__SUPPLIED MATERIAL__
*** Block opens ***

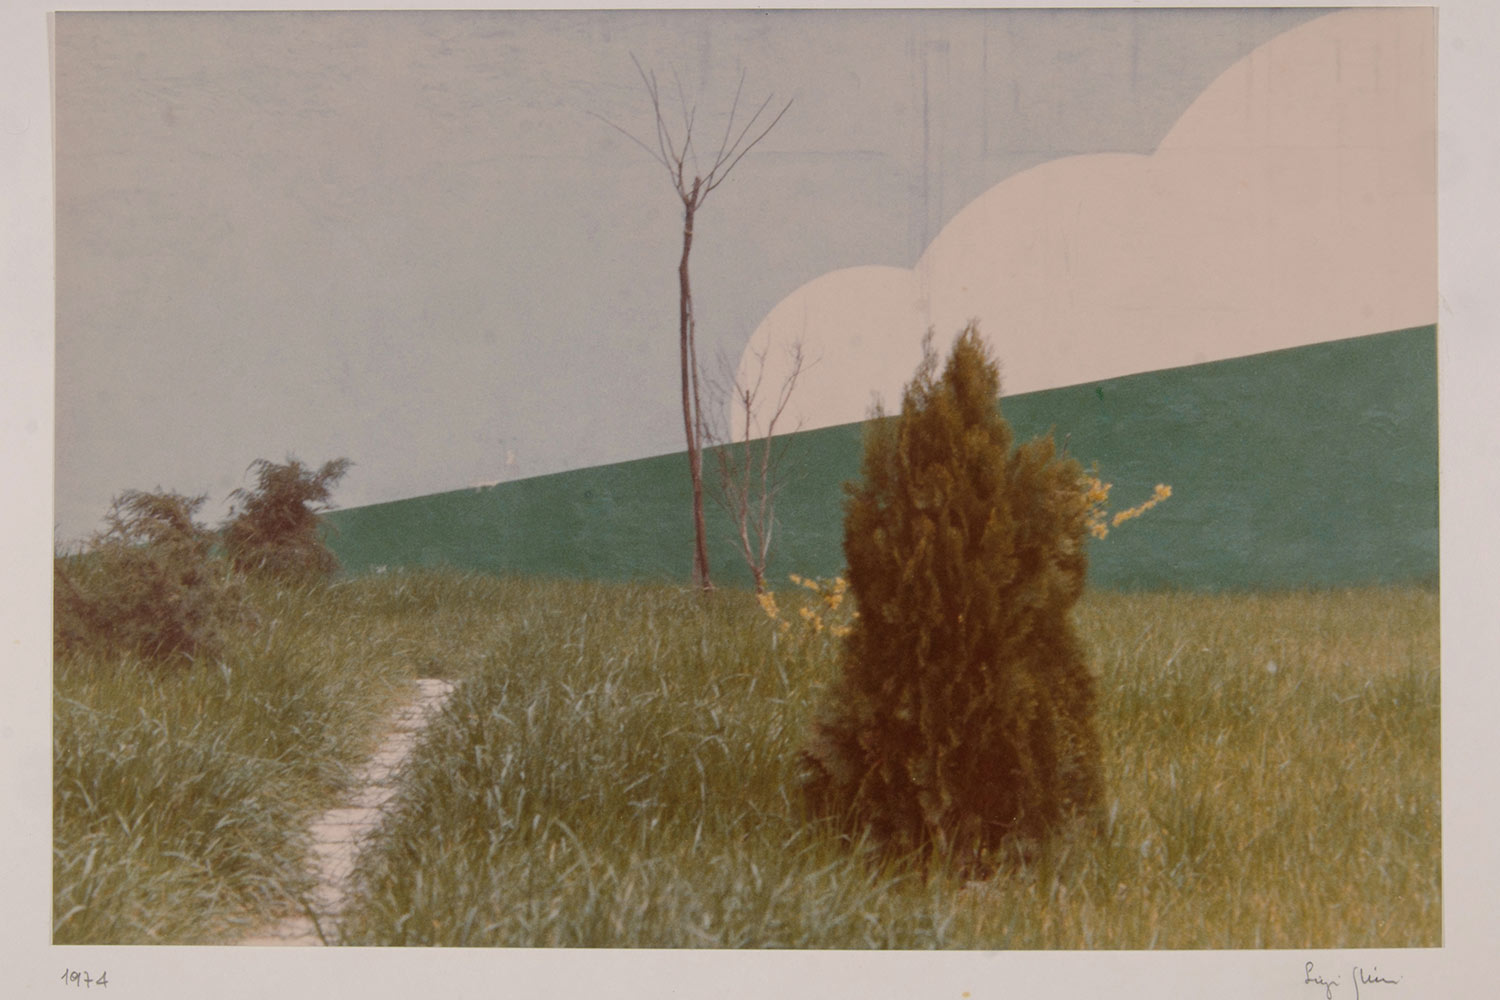 Luigi Ghirri Modena 1973 serie Kodachrome Stampa cromogenica da negativo 19 x 28,5 cm Collezione privata © Eredi Luigi Ghirri
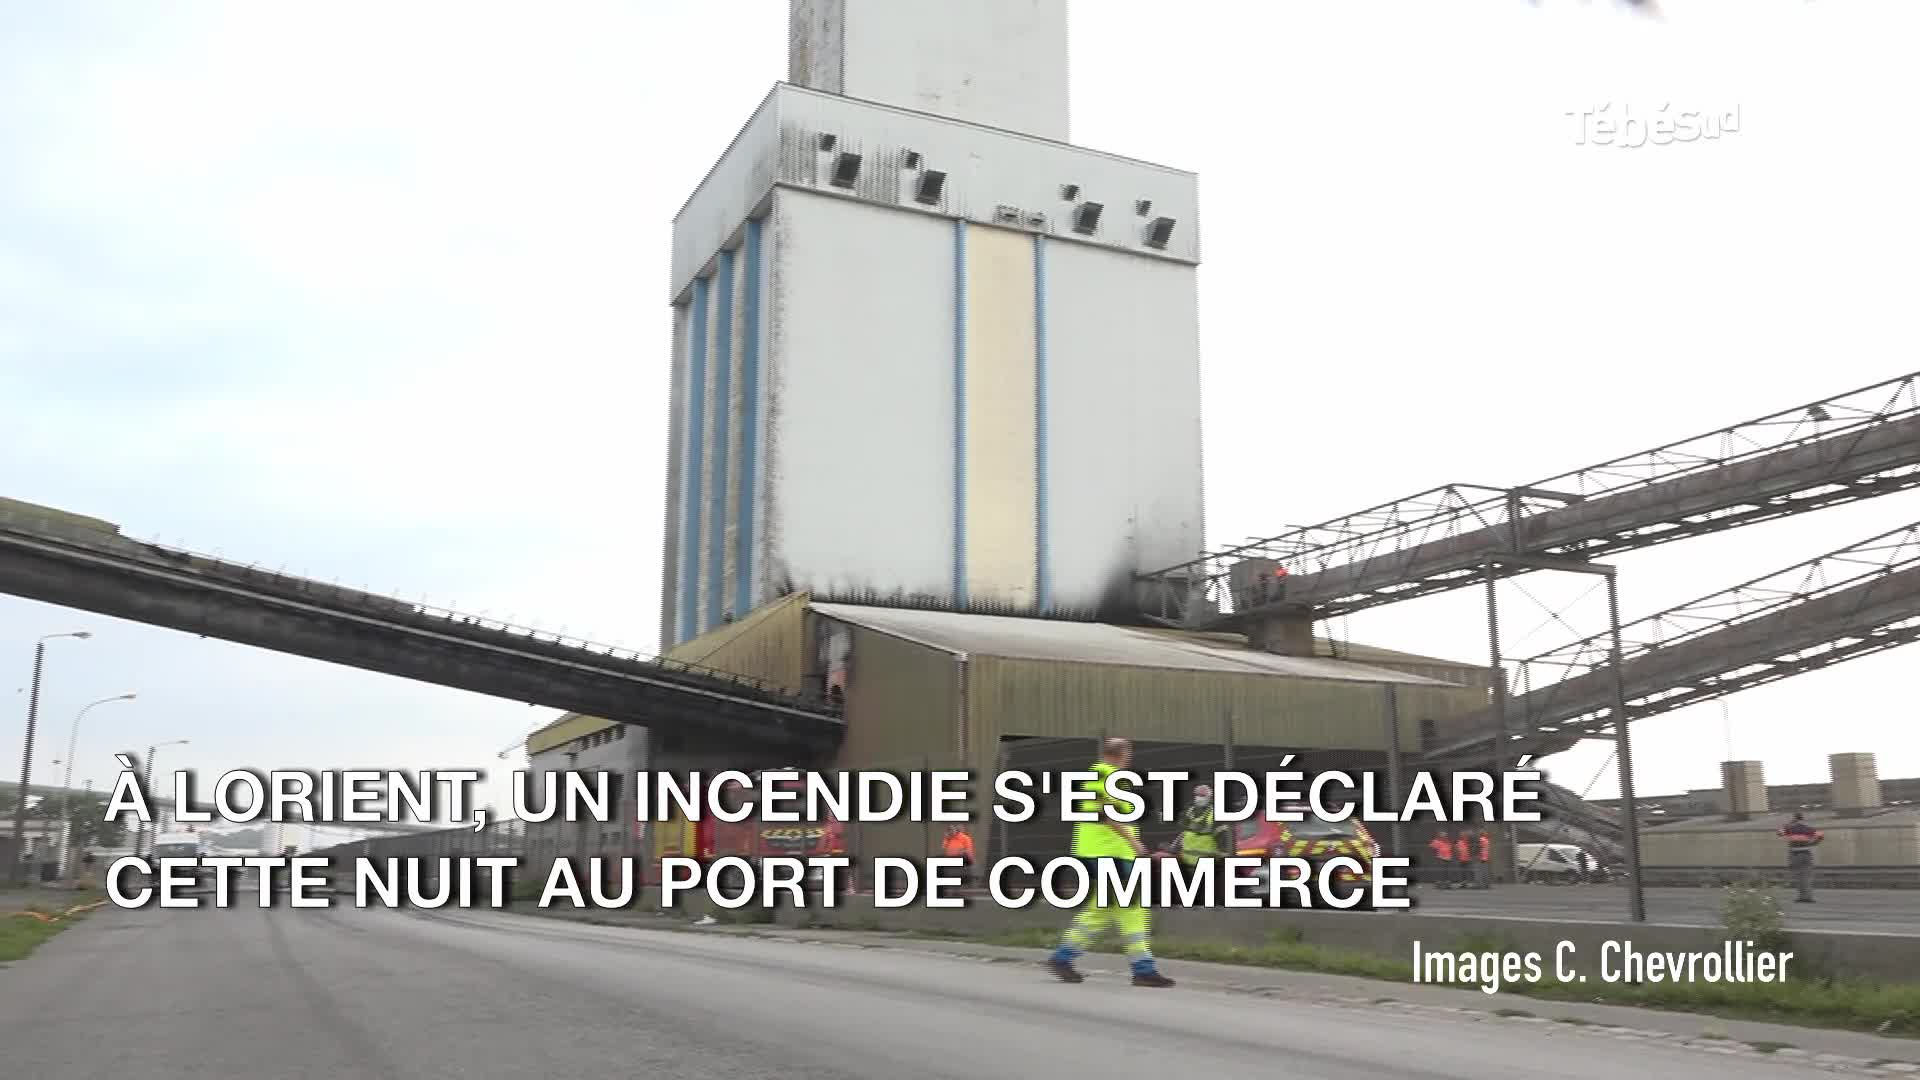 Incendie au port de commerce de Lorient : 45 pompiers mobilisés (Le Télégramme)
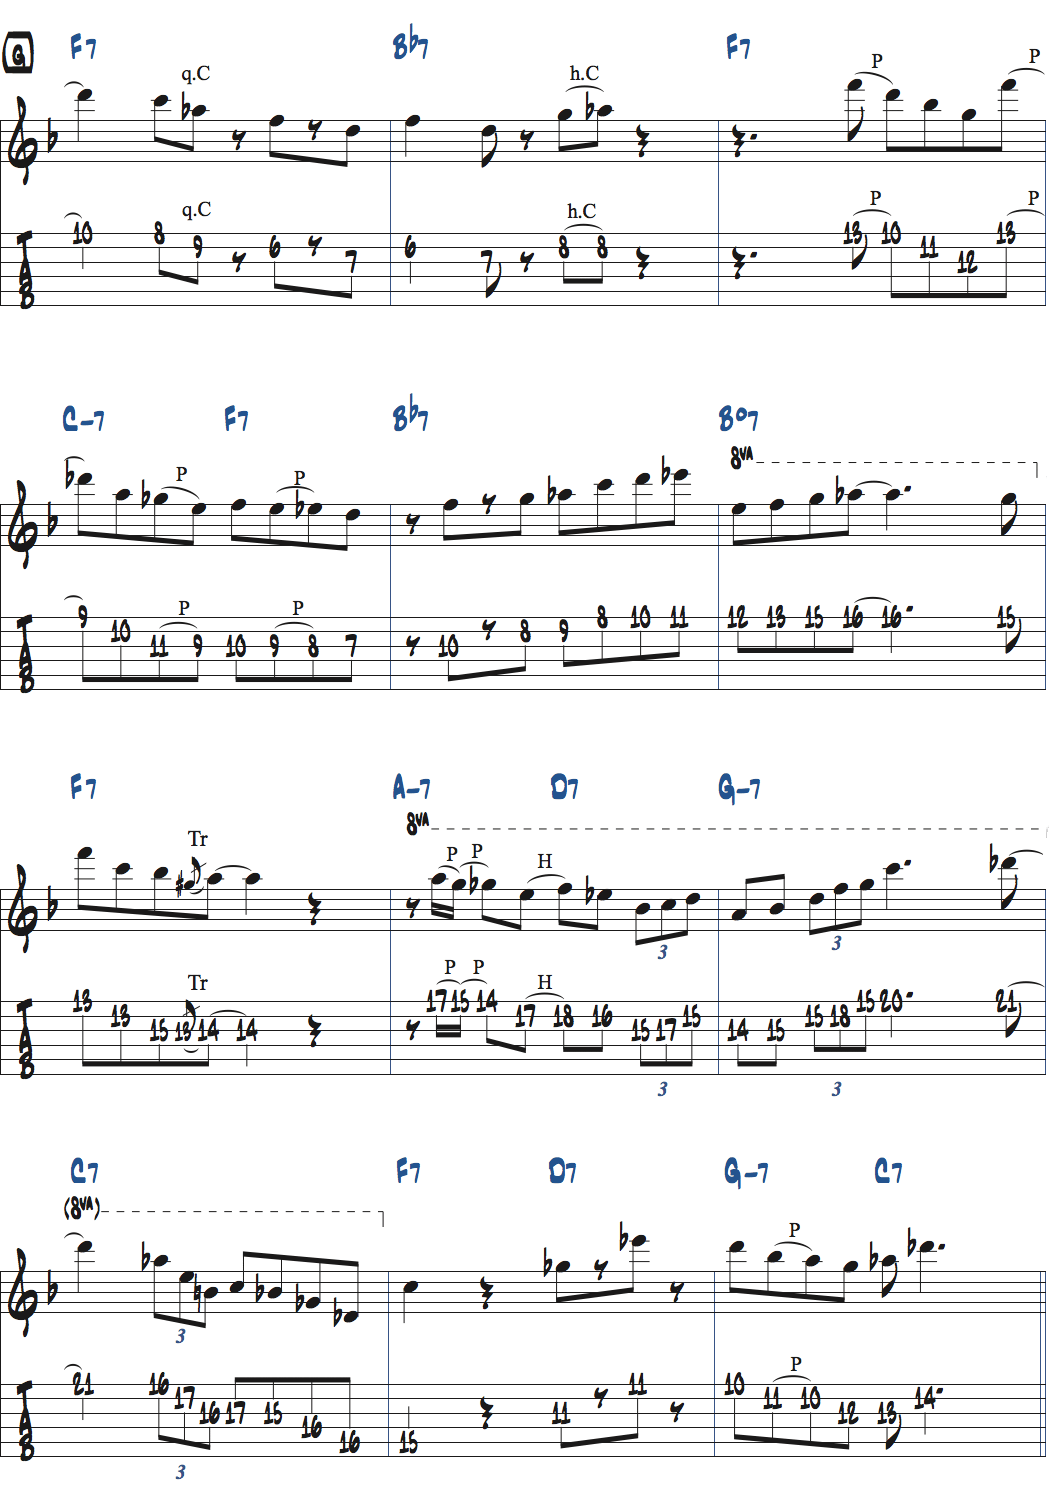 キーFのジャズブルースでのアドリブ楽譜ページ7

*** Block closes ***

Output the complete listing exactly. Pictures stay out.

__REPLY TO THE TASK__
 Luigi Ghirri Modena 1973 serie Kodachrome Stampa cromogenica da negativo 19 x 28,5 cm Collezione privata © Eredi Luigi Ghirri
 Incendie au port de commerce de Lorient : 45 pompiers mobilisés (Le Télégramme)
 キーFのジャズブルースでのアドリブ楽譜ページ7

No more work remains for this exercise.